Светлана вышла из комнаты допроса и кивнула операм, приказывая увести Костина в камеру. Брумель, стоявший по ту сторону стекла, слышал каждое слово, произнесенное Костиным. Когда Светлана подошла к Олегу Анатольевичу, в её голосе сквозила тревога: «Олег Анатольевич, всё в порядке?» Брумель побледнел, словно полотно, от услышанных показаний своего «уже бывшего» начальника.
– Олег Анатольевич, может, воды? – участливо спросила Светлана.
– Нет… не надо, – пробормотал Брумель. – Я… я просто не могу поверить. Как… как такое возможно? Столько лет с ним работал, думал, знаю его как облупленного… Это кромешный ад, одни эмоции! Мы же семьями дружили… Нет, я не могу в это поверить. А его жена… она знала, что у её мужа была любовница? Как теперь ей всё объяснить? И что теперь начнётся сверху… Света, допрашивать Аглаю буду лично я.
– Вы уверены? – Светлана с тревогой взглянула на его осунувшееся лицо. – Может, попросить Мишу или Костю?
– Нет, я сам, – отрезал Брумель. – Я хочу, чтобы она дала показания, ответила по закону… несмотря на свой возраст.
– Хорошо… А можно нам поприсутствовать на допросе?
– «Нам» – это кому?
– Ну… я, Костя, Миша… и дочь Аглаи Петровны приехала. Я ей сообщила. Считаю, что она должна знать. Я с ней поговорила, она сама приняла это решение.
– Можно, но в допросной вас не будет, чтобы она вас не видела. Наблюдайте из-за стекла, там есть стол и стулья. Окно всё равно затонировано.
Брумель направился в комнату допроса, где его ждала Аглая Петровна.
– Ну, здравствуйте, Аглая Петровна. Как настроение? – сухо поинтересовался он.
– Настроение? ««Замечательное»», —с издевкой протянула Аглая. – Вы чувствуете?..
– Что чувствую?
– В этом городе воздух стал чище. Ха-ха-ха-ха!
– Хватит паясничать, – оборвал её Брумель. – Рассказывайте всё сами или мне предоставить вам улики и факты?
– У вас ещё и улики есть? – Аглая притворно удивилась. – Я поражена, как оперативно работает полиция в наше время. Браво!
– Ох, как же мы тебя долго искали, – прорычал Брумель. – Ты столько шума наделала. Знаешь, сколько средств было потрачено на твою поимку?
– А то есть, вам деньги важнее людей? – съязвила Аглая. – Боюсь даже представить, на сколько рублей я разорила государство.
– Сумма не в рублях измеряется! – огрызнулся Брумель. – Хотя… всё было не напрасно. Мы же вас задержали.

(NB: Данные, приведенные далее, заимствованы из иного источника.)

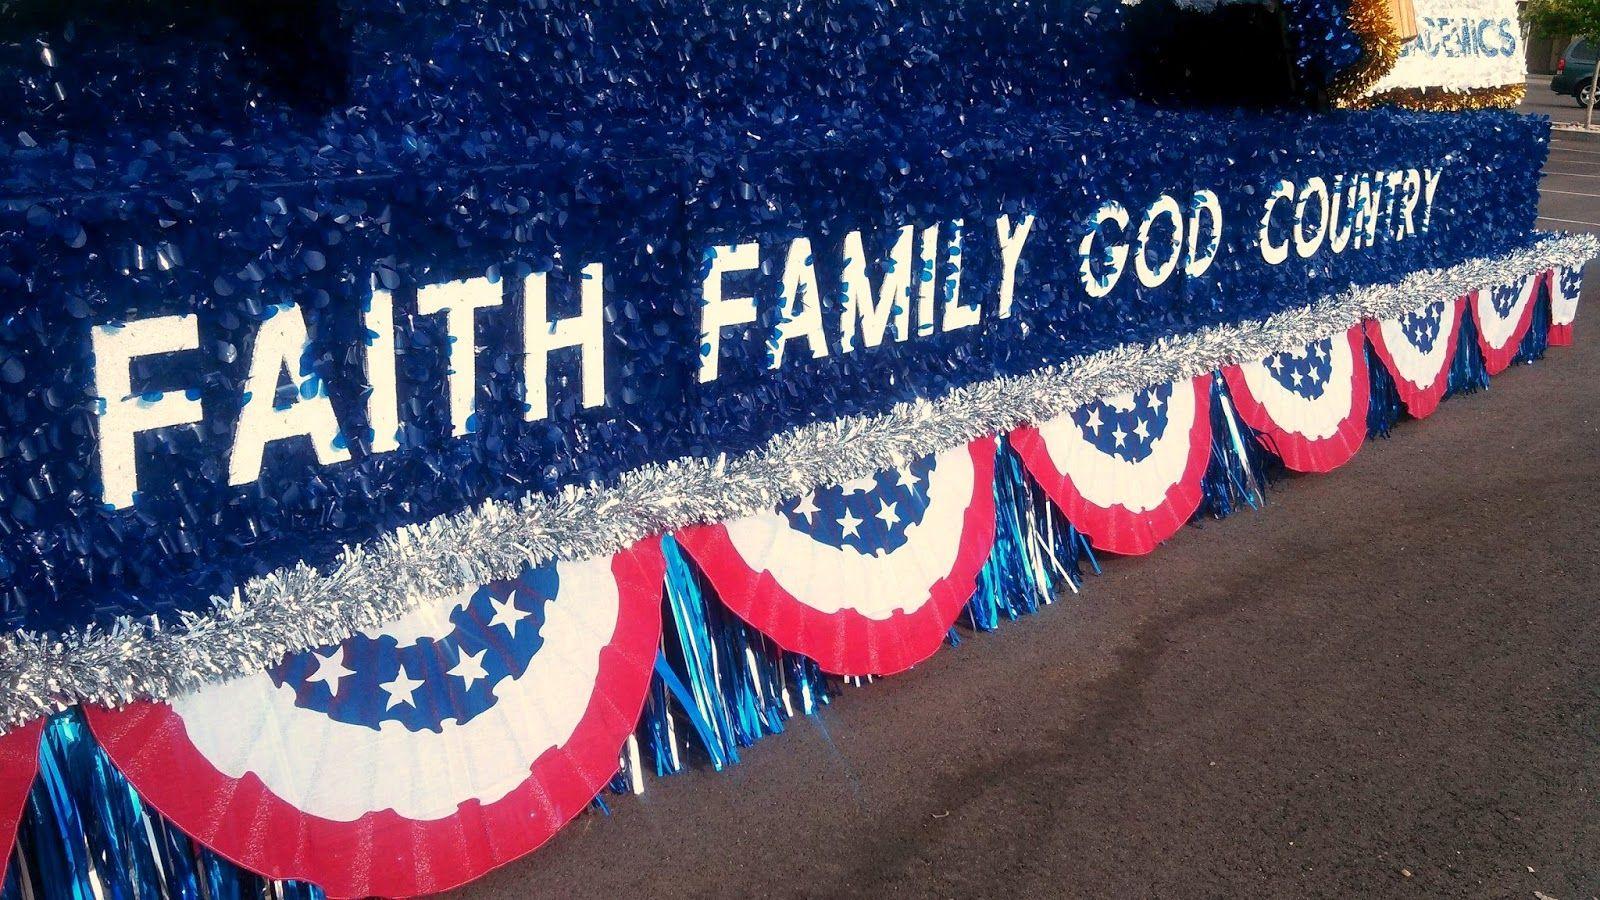 Patriotic Parade Floats Ideas At

– Если бы Саша не повёз меня на свою секретную дачу, вы бы меня ещё лет пять не смогли поймать. А Светка смышлёной оказалась, я её ещё помню, когда преподавала у неё. Она быстро вышла на след, хотя по вашим меркам это очень долго. Ладно уж, спрашивай, мне терять уже нечего, я и так всё потеряла и всех.
– Ну так расскажите нам, почему вы стали такой? Что сподвигло вас на такие поступки? Мы бы вас всё равно поймали, потому что пыльца от розы Миддлемист осталась на вашей одежде и на последних ваших жертвах, которых вы сунули под поезд, чтобы мы подумали, что это суицид, но нет вы сами же себя раскрыли.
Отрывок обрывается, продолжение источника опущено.